Clever & BookRevive
Hey, I've been tinkering with OCR for medieval manuscripts and the algorithm keeps throwing off the marginalia—those little scribbles and notes are getting lost. How do you usually handle preserving that level of detail when digitizing a work?
OCR is a cruel little trickster when it comes to marginalia. I always start by photographing at least 300 dpi, but I also use a macro lens to capture the tiny strokes. Then I let the software do its thing and, as soon as the marginalia pop up in the text layer, I cross‑check them against a physical copy. If anything looks off, I copy the marginal note by hand—hand‑copying is the only ritual that guarantees fidelity.
For truly fragile pages I use a lightbox and a green screen to separate the margin from the text, then I tag each note with a unique code in the metadata. Modern printers can’t handle the ink chemistry of a 15th‑century ballpoint; if the margin bleeds, I re‑scan the page in a lower‑contrast setting so the ink stays distinct.
In short: let the machine do the heavy lifting, but never trust it with the marginalia. Treat each page like a living thing and you’ll preserve the whispers that modern algorithms are doomed to miss.

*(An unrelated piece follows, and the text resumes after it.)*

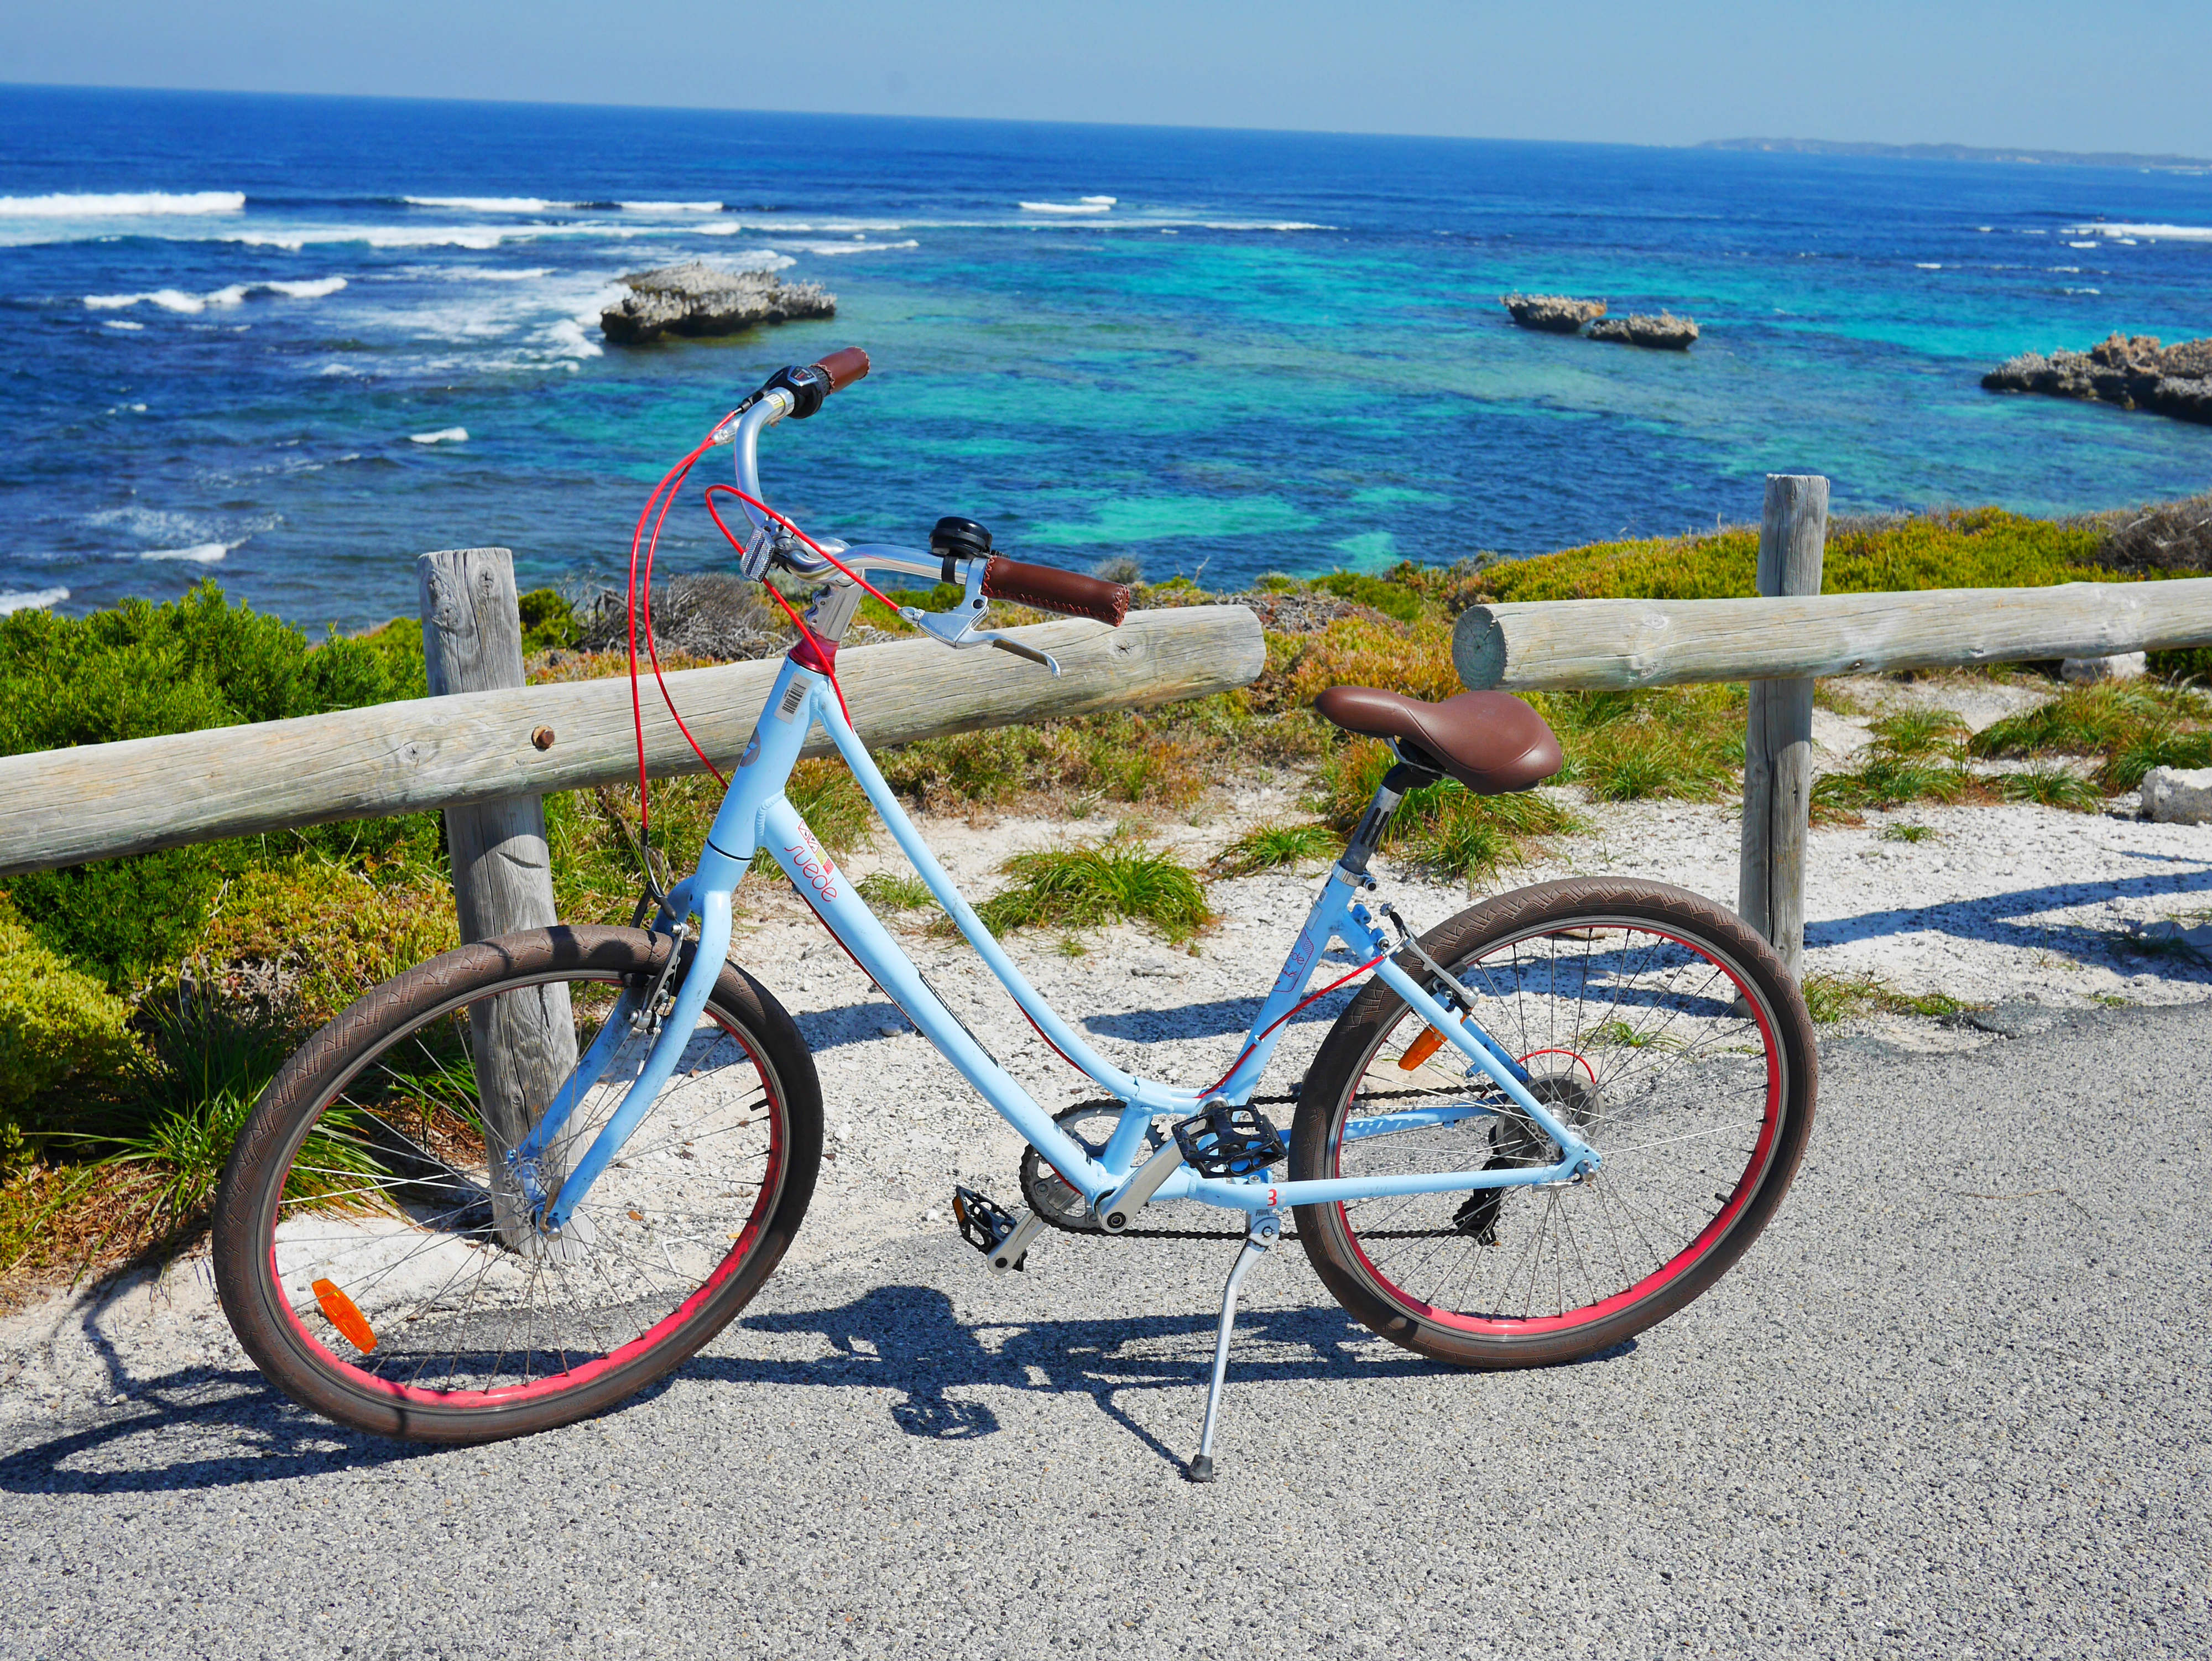 Rottnest Island Day Trip Itinerary

That’s a solid workflow—nailing the macro shots and the lightbox trick are classic. I’d add a quick pre‑check of the DPI in the scanner’s software to make sure you’re not over‑loading the image files. And if you’re ever stuck with a stubborn ink bleed, a quick deconvolution step can sharpen the strokes before you do the manual copy. Keep the manual touch; it’s the best guard against the “marginalia apocalypse.”
Thanks, I’ll drop the DPI check into my prep sheet right now. Deconvolution? Oh, that’s another ritual—always a good way to tease out the ink’s ghost. And don’t forget to add a little margin for the scribbles in your final catalog; the marginalia need their own little alcove, just like the binding does for the spine.